An absence of shame bring us to the curious case of George Santos who has admitted that he “might have embellished” his resume’ when he embarked upon his successful campaign to become a member of the House. Indeed, most of his purported background has been found to be total fabrications. It is not even clear that George Santos is his actual name as he has used several other names including: Anthony Devolder, George Devolder and George Anthony Devolder Santos. In addition, it now seems clear that he may have also committed a number of campaign finance violations making him a veritable walking/talking voter fraud. Despite all of these revelations (not to mention the resignation demands of six Republican members of House), Santos has refused to step down. That decision, however, may not be solely in his control. There are already announced state and federal criminal investigations as well a recently revived criminal proceeding against him in Brazil for writing checks on a stolen checkbook.
Even though Santos’ actions would seemingly warrant a hasty referral to the House Ethics Committee, there is some doubt as to whether the Republicans will even be keeping that committee in operation. This past week House Republicans voted to limit the operations of that committee, a move applauded by Santos. I suppose that in the U.S. Congress (as well as the Supreme Court) ethics has become passe’. In reality, however, referring the matter to the Ethics Committee would be a good way to sidetrack the issue and prolong Santos’ tenure in the House.

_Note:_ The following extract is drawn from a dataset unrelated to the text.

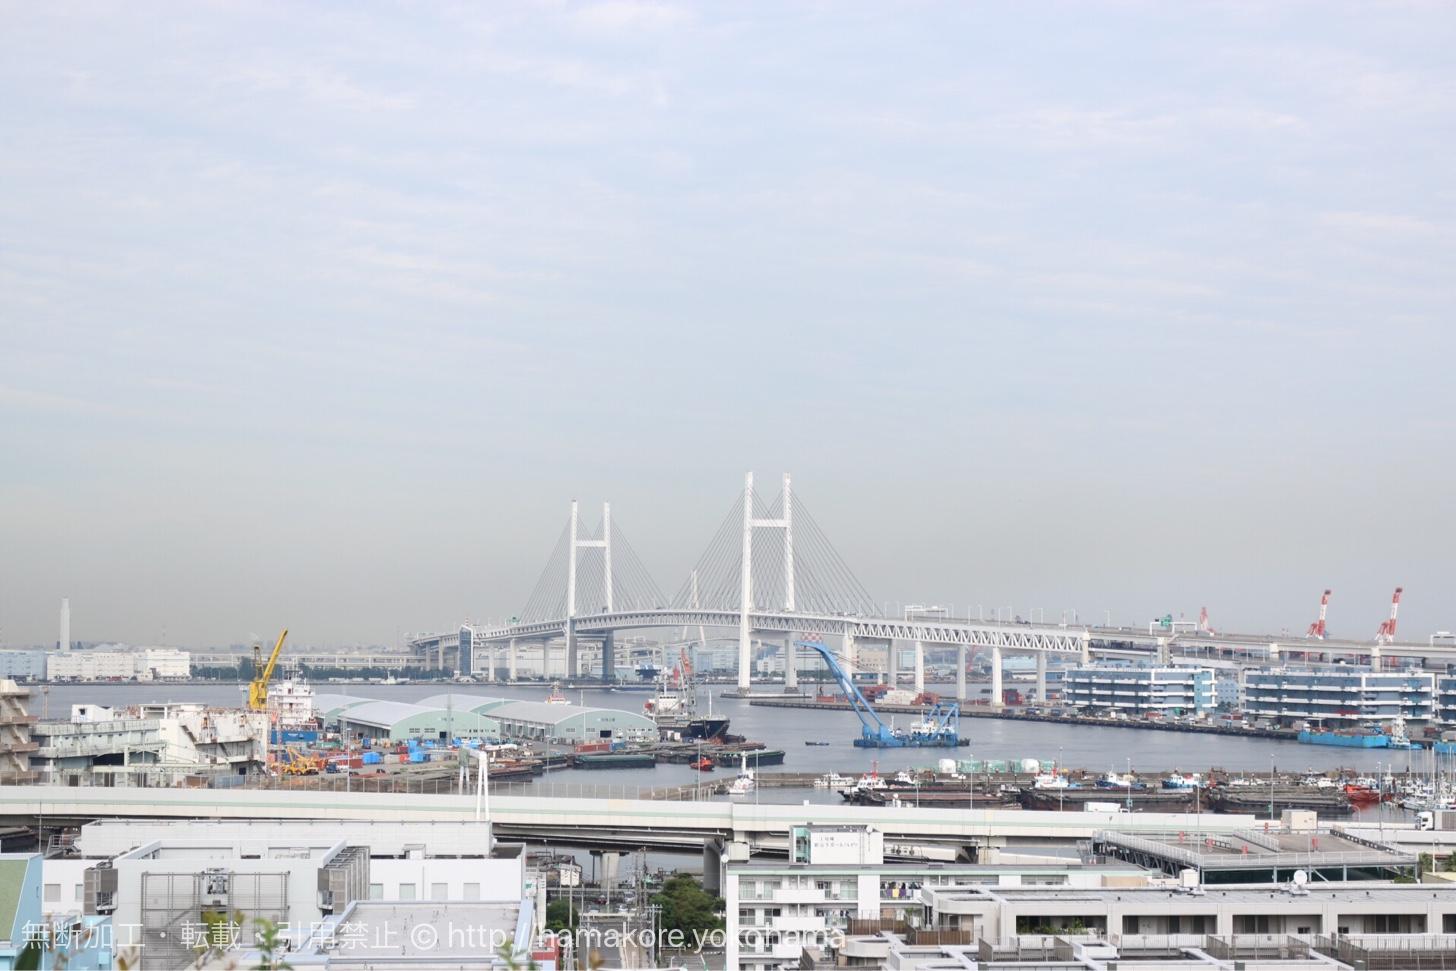 港の見える丘公園から見た横浜ベイブリッジ

For his part, House Speaker McCarthy has stated that he’s not inclined to take action against Santos which he characterized would effectively overrule the decision of the voters in Santos’ district. That would be an understandable position if the decision of the voters had not been tainted by Santos’ own fraud, something that Republican voters and politicians purport to take very seriously. The simple fact is that McCarthy has a very slim margin of control in the House and Santos is a vote he can depend upon making it unlikely that he will take any meaningful action against Santos unless his own caucus forces him to do so.
No. A gaggle of investigations will not help solve the problems which currently beset the Republican Party. Rather, a simple self-examination would be a better prescription. As Sondheim’s song concludes, “Well, maybe next year.”